Relaxation, mild euphoria, increased appetite, and a confused perspective of space and time are all effects of drug addiction. It can lead to addiction if consumed over a lengthy period. Excessive drug usage has also been linked to brain damage and memory loss in studies.

1: Detoxification

Detoxification is usually the initial step in the recovery process. The idea is to wean yourself off the medicine while coping with withdrawal from oxycontin symptoms. A taper, or gradually reducing and eventually discontinuing drug use, may be used in some cases.

It’s natural to have withdrawal symptoms while detoxing.

Various types of medicines have different withdrawal symptoms, which necessitates different therapies. It’s better to gradually reduce the drug’s dosage or take medicine to help with withdrawal symptoms.

2: Therapy

Following detoxification, behavioral therapy is the conventional treatment for drug addiction. Depending on the needs, it can be done one-on-one, in a group, or in a family setting. 
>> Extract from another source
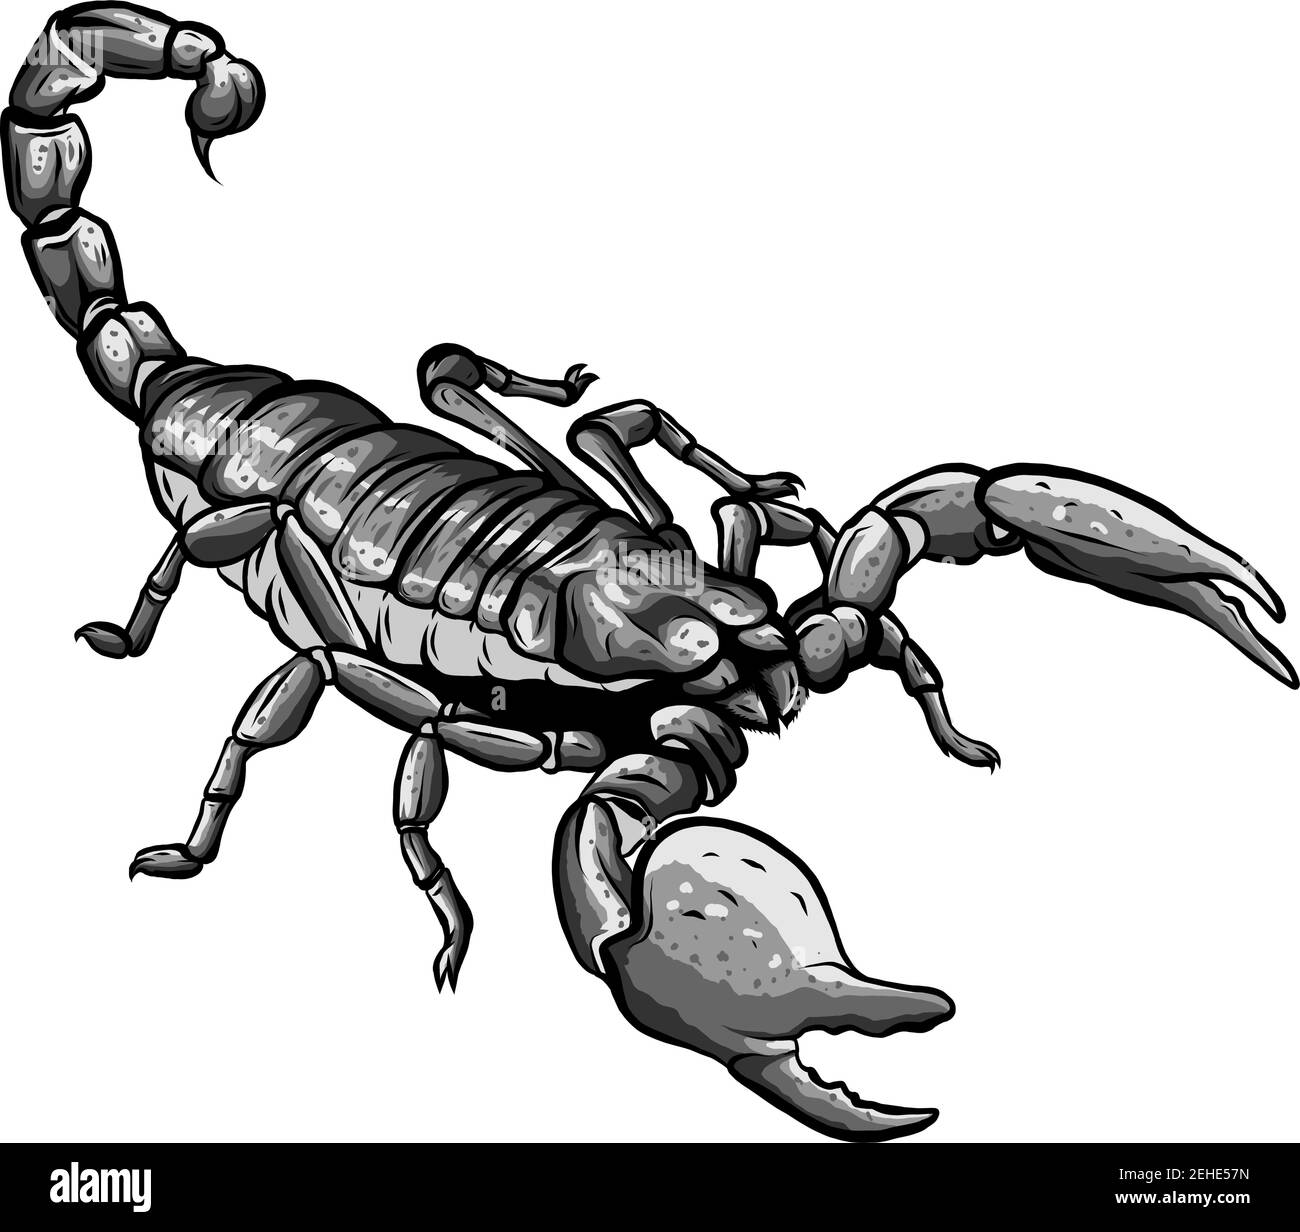 Illustrazione di scorpione arachnid insetto. Ideale per etimologia e materiali didattici Illustrazione Vettoriale

It assists individuals in recognizing and changing their attitudes regarding drug misuse. It aids in the resolution of conflicting sentiments and the discovery of internal desire for change.

3: Self Help Groups

Being a part of a self-help group can help you recover from drug addiction. It entails getting together with others who have similar addiction illnesses and sharing experiences. 

It increases motivation and decreases feelings of isolation.

These self-help organizations also serve as a tremendous source of support for their participants.

4: Medication

Medication is not a treatment for drug addiction on its own. It may, however, aid in the management of withdrawal symptoms during detoxification.

To avoid relapse and minimize cravings in the long run, a person may take medication. 

However, it should always be used in conjunction with other techniques like behavioral treatment or rehabilitation.

Putting It All Together

Drug addiction has become a major problem all over the world. It has an impact not just on the victim, but also on their family, friends, and society as a whole. 

Treatment for drug addiction is possible. The treatment is difficult but effective.

Hence, if you want more information on drug addiction, ping us in the comment section. We will come back with an answer in no time.